Previous endeavors in self-supervised learning have enlightened the research of deep clustering from an instance discrimination perspective. Built upon this foundation, recent studies further highlight the importance of grouping semantically similar instances. One effective method to achieve this is by promoting the semantic structure preserved by neighborhood consistency. However, the samples in the local neighborhood may be limited due to their close proximity to each other, which may not provide substantial and diverse supervision signals. Inspired by the versatile re-ranking methods in the context of image retrieval, we propose to employ an efficient online re-ranking process to mine more informative neighbors in a Contextually Affinitive (ConAff) Neighborhood, and then encourage the cross-view neighborhood consistency. To further mitigate the intrinsic neighborhood noises near cluster boundaries, we propose a progressively relaxed boundary filtering strategy to circumvent the issues brought by noisy neighbors. Our method can be easily integrated into the generic self-supervised frameworks and outperforms the state-of-the-art methods on several popular benchmarks.

Figures (4)

• Figure 1: (a) Comparison between the conventional Euclidean Neighborhood and the ConAff Neighborhood, both with cross-view consistency. The Euclidean distance retrieves the Euclidean neighborhood, while the contextual distance is used for the ConAff neighborhood. In reciprocal relations, "1" means two samples are in each other's top-$k$ neighbors, and "0" indicates neither is in the other's top-$k$. The goal is to use reciprocal relations as a contextual distance metric for the ConAff neighborhood. For instance, distant pairs A and B might be contextually similar due to their similar reciprocal relations. (b) Images in the first column and their 10 nearest neighbors in the other columns, were retrieved using Euclidean Neighborhood and the proposed ConAff Neighborhood. Wrong neighbors are marked in red, and hard positives are marked in green. By default, unmarked neighbors are regarded as true neighbors.
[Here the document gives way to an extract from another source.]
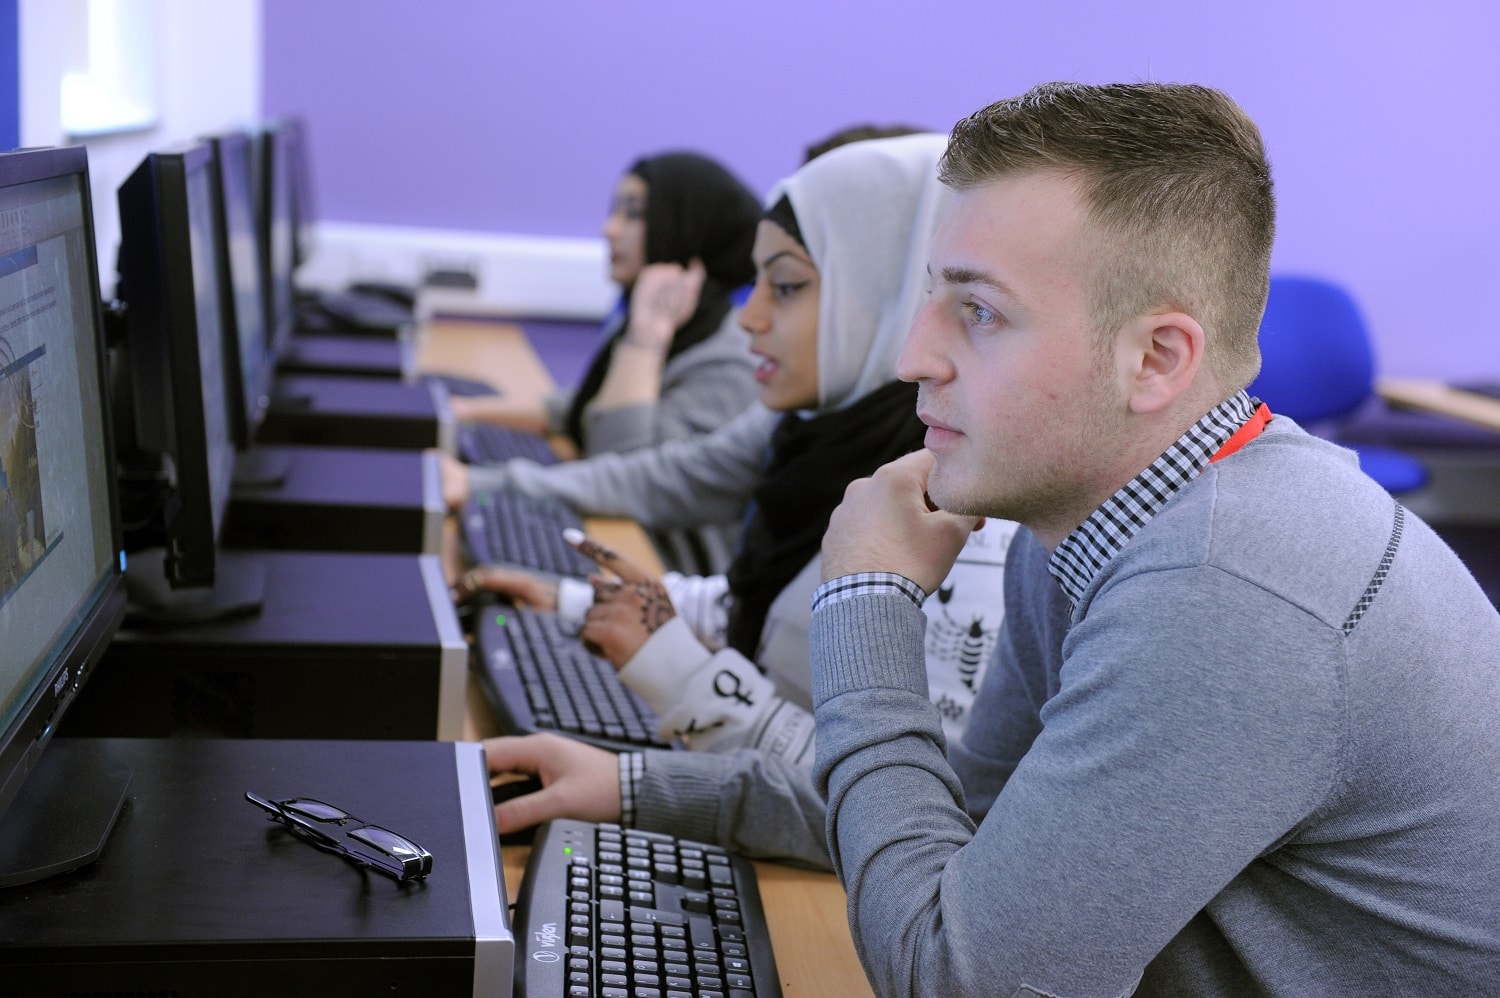 Students looking at computers at stratford-upon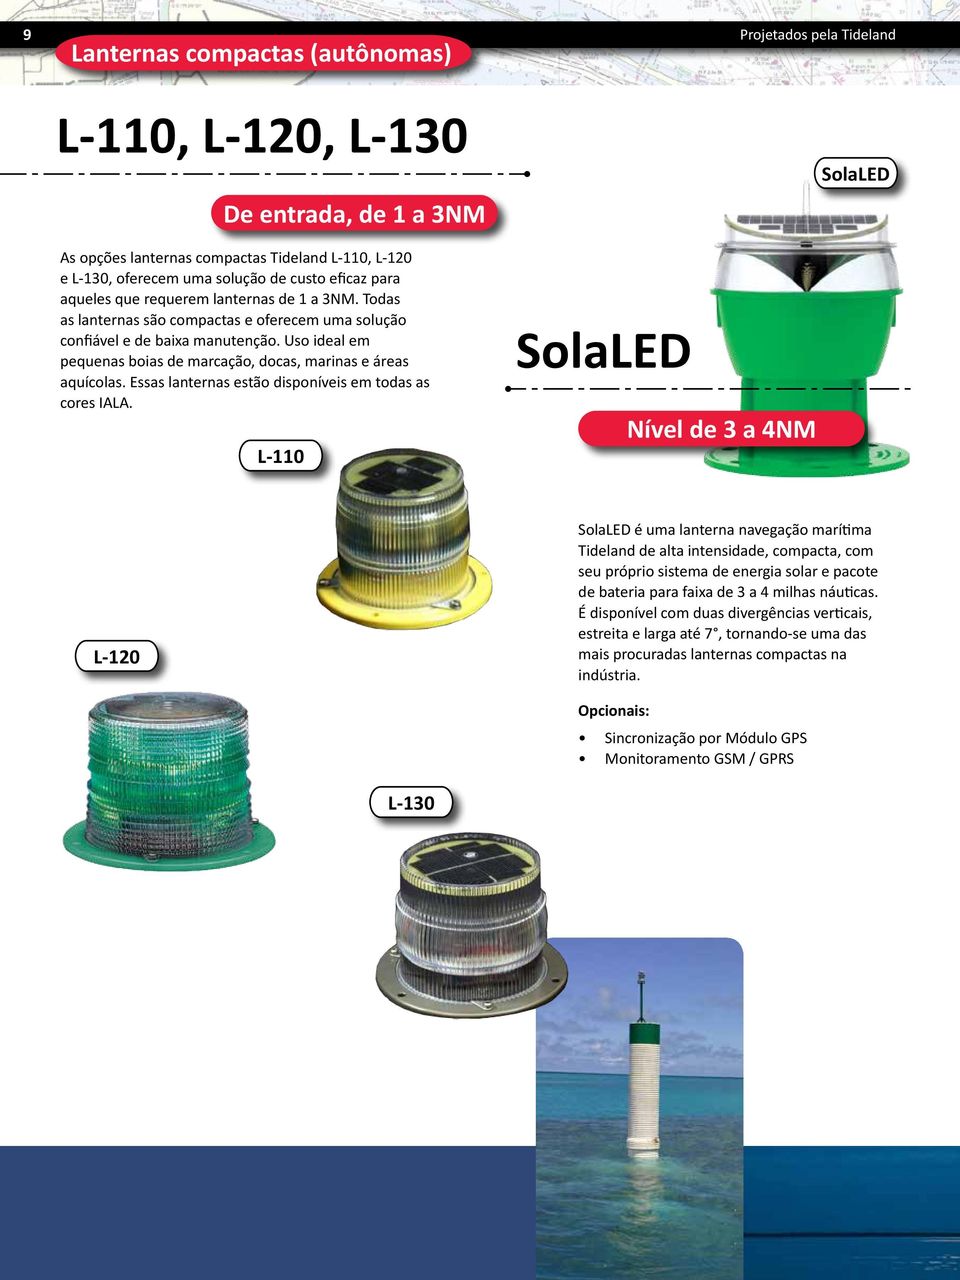 Uso ideal em pequenas boias de marcação, docas, marinas e áreas aquícolas. Essas lanternas estão disponíveis em todas as cores IALA.

• Figure 2: (a) Performance comparison with different initial fraction ratios on CIFAR-10. (b) Performance with a different selection of $k_1$, $k_2$ on ImageNet-Dogs. (c) Clustering performance comparison with ConNR and BYOL on ImageNet-Dogs.
• Figure 3: (a) T-SNE visualizations of all samples in CIFAR-10, where boundary samples are shown as small dots, non-boundary samples are shown as large dots. (b) T-SNE visualizations of boundary samples in CIFAR-10, where boundary samples are shown as small dots.
• Figure 4: More visualizations of top-10 neighborhood on ImageNet-10.